# Driver photo does NOT match



## JimKE (Oct 28, 2016)

In the 10 days or so, I've had four different riders tell me they had Uber drivers whose faces were NOT the photo displayed on their rider app.

I asked if maybe they'd just changed their look with facial hair or something, and my riders said no. In one case, the photo was a male and the driver was female.

Three of those rides originated at Miami International Airport; not sure about the fourth.

Can anyone give me a _reasonable_ explanation for how that could happen legitimately?

Or are these just people driving on someone else's account without background checks?


----------



## steveK2016 (Jul 31, 2016)

Driving someone else's account.

A cabbie posted somewhere here recently that this is common in their industry.
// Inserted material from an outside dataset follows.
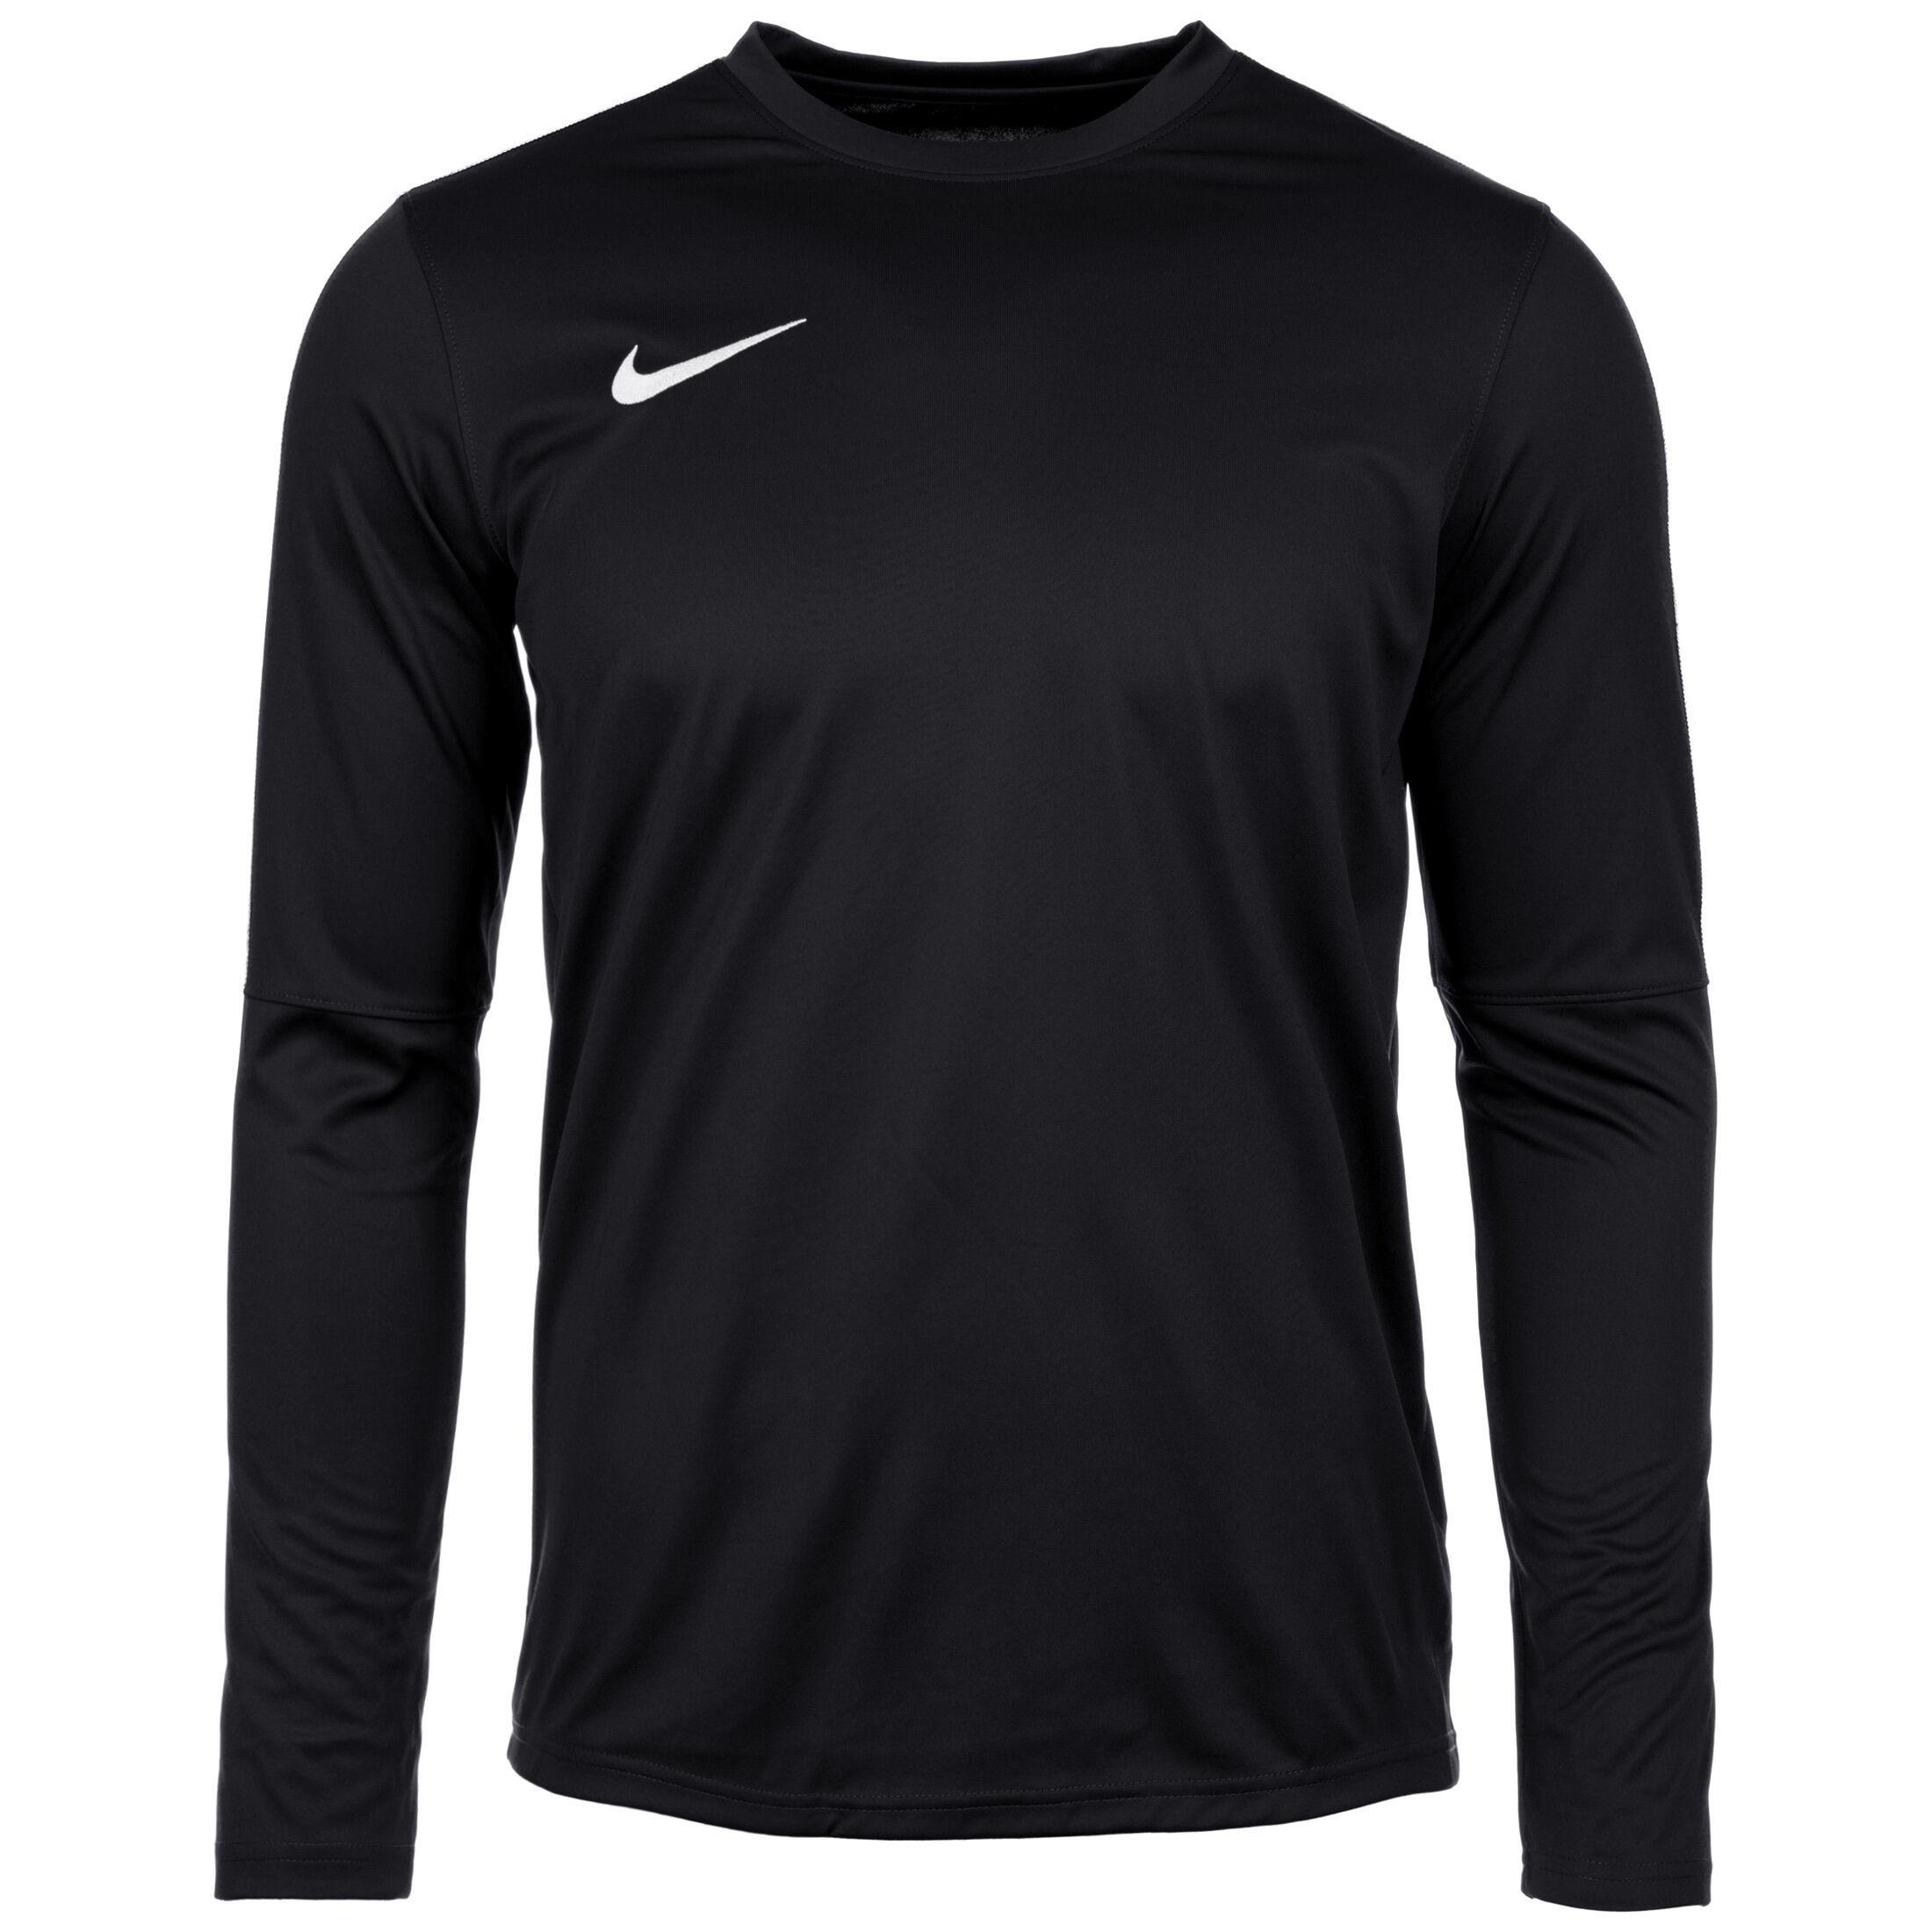 Nike Performance Dry Park 18 Longsleeve Herren rot weiß

One person get a medallian or whatever, rents the cab for 24 hours. Well, instead of letting the cab sit there for 16 hours after you drove for 8 hours, why not let Cousin Vinny drive it for 8 hours and Cousin Hector for the other 8 hours.
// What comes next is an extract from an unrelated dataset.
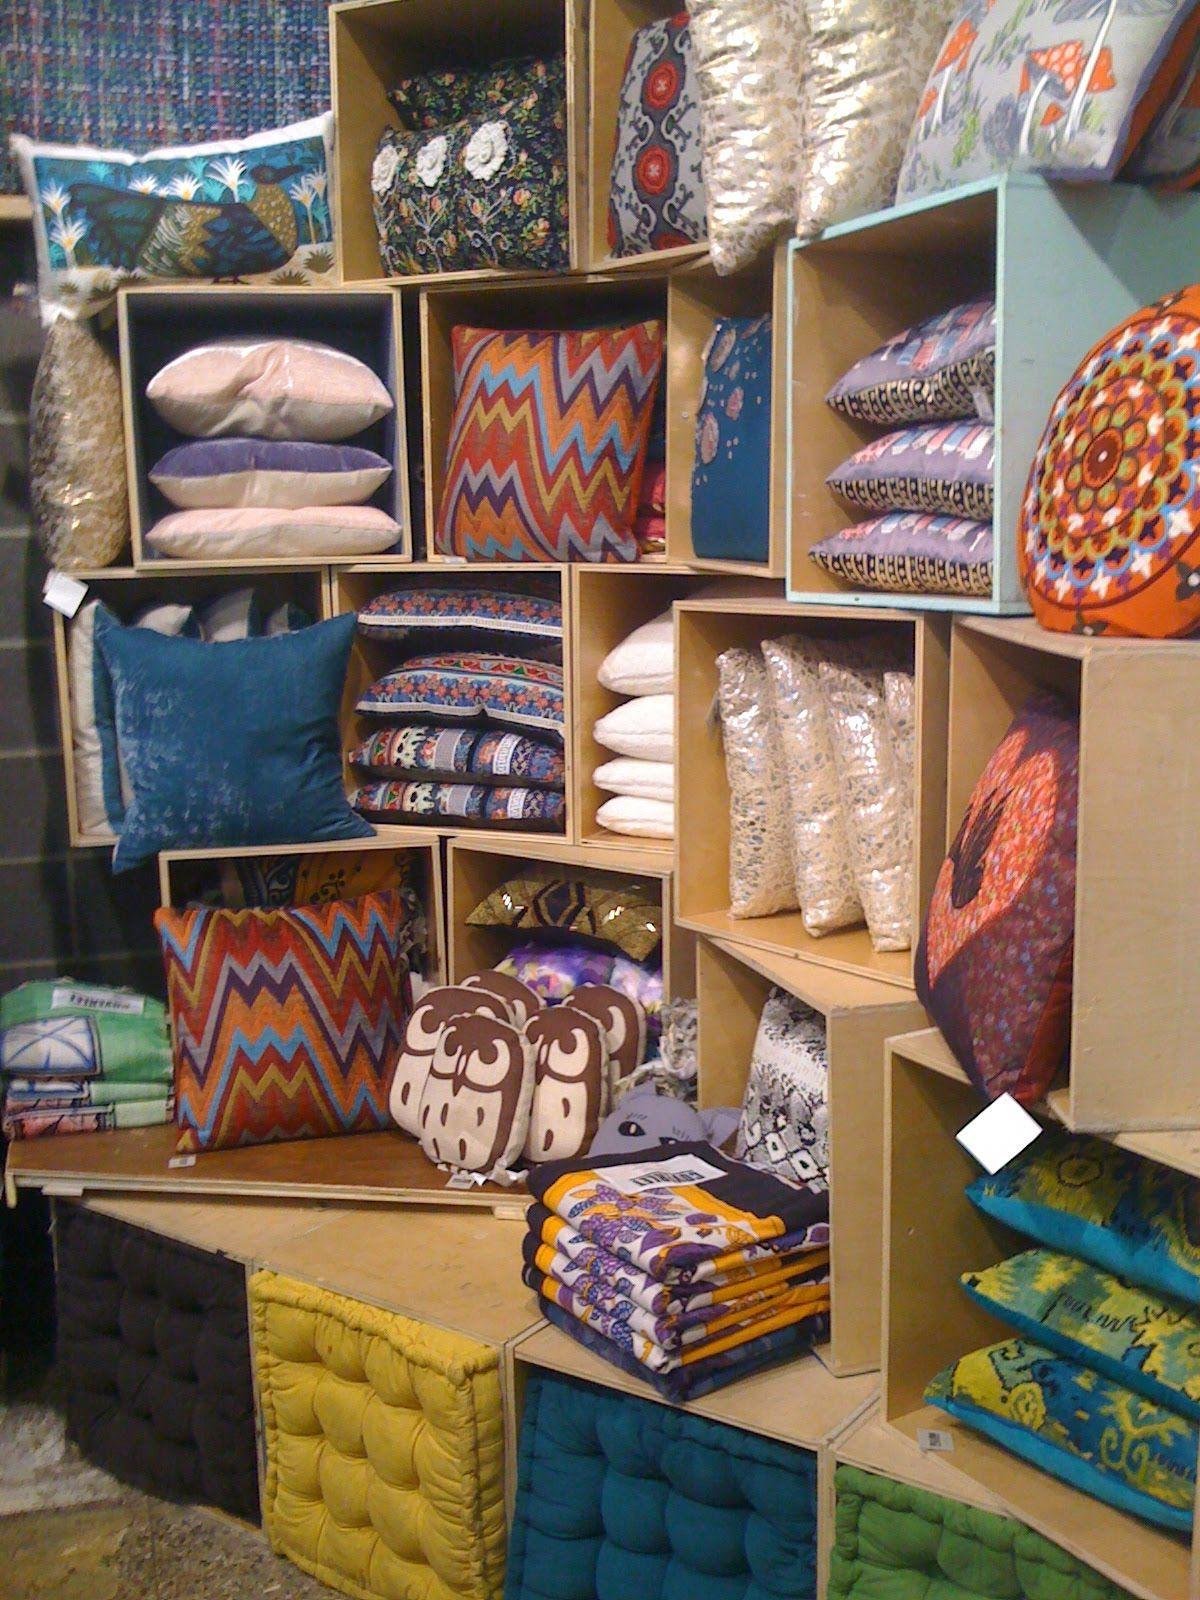 pillow display store display visual merchandising pillows retail shop displays craft fair. Black Bedroom Furniture Sets. Home Design Ideas

Maybe even getting a 20% cut from Cousin Vinny and Cousin Hector!


----------



## TheWanderer (Sep 6, 2016)

I have taken uber in orlando and talk to them because I drive as well and I had multiple drivers tell me that happens there. It is easier to do if you have a darker complexion and have a brother that looks similar.


----------



## JimKE (Oct 28, 2016)

steveK2016 said:


> Driving someone else's account.
> 
> A cabbie posted somewhere here recently that this is common in their industry. One person get a medallian or whatever, rents the cab for 24 hours. Well, instead of letting the cab sit there for 16 hours after you drove for 8 hours, why not let Cousin Vinny drive it for 8 hours and Cousin Hector for the other 8 hours.
> 
> Maybe even getting a 20% cut from Cousin Vinny and Cousin Hector!


Yeah, I know cabs are typically shared to maximize income for the vehicle owner -- but they're shared between properly credentialed people...right?

I suspect this is something different, and not legitimate.

I told my pax if the picture doesn't match, don't get in the vehicle. Cancel and contest any cancellation fees with Uber Support.


----------



## steveK2016 (Jul 31, 2016)

JimKE said:


> Yeah, I know cabs are typically shared to maximize income for the vehicle owner -- but they're shared between properly credentialed people...right?
> 
> I suspect this is something different, and not legitimate.
> 
> I told my pax if the picture doesn't match, don't get in the vehicle. Cancel and contest any cancellation fees with Uber Support.


I'm not 100% sure, I think the post implied that only one person qualified and the others driving were not.

Good advise for the pax though!


----------



## I_Like_Spam (May 10, 2015)

JimKE said:


> I told my pax if the picture doesn't match, don't get in the vehicle. Cancel and contest any cancellation fees with Uber Support.


People can certainly make their own assessment as to whether or not the driver looks legit or not.

If the driver looks shaky, they might not want to get into the vehicle even if the photo matches. On the contrary, especially if the passenger is a man, if they look ok, its probably ok to ride with them.


----------



## Paul Vincent (Jan 15, 2016)

If the driver is not the Uber account holder there would be no insurance in case of an accident. Bad for the Pax


----------



## Trafficat (Dec 19, 2016)

Also it could be that the rider got in the wrong Uber car too.


----------



## DocT (Jul 16, 2015)

All Uber drivers look alike. After all, we are not "people," we are just "Uber Drivers."


----------



## I_Like_Spam (May 10, 2015)

Paul Vincent said:


> If the driver is not the Uber account holder there would be no insurance in case of an accident. Bad for the Pax


Maybe, maybe not. If the passenger has his own insurance, and he wasn't violating the law, it may well be covered. Uber could certainly be sued, as well as the drivers involved, the passenger was using the app that Uber promoted and could reasonably argue that Uber should have more control over its drivers.


----------



## UberBastid (Oct 1, 2016)

TheWanderer said:


> I have taken uber in orlando and talk to them because I drive as well and I had multiple drivers tell me that happens there. It is easier to do if you have a darker complexion and have a brother that looks similar.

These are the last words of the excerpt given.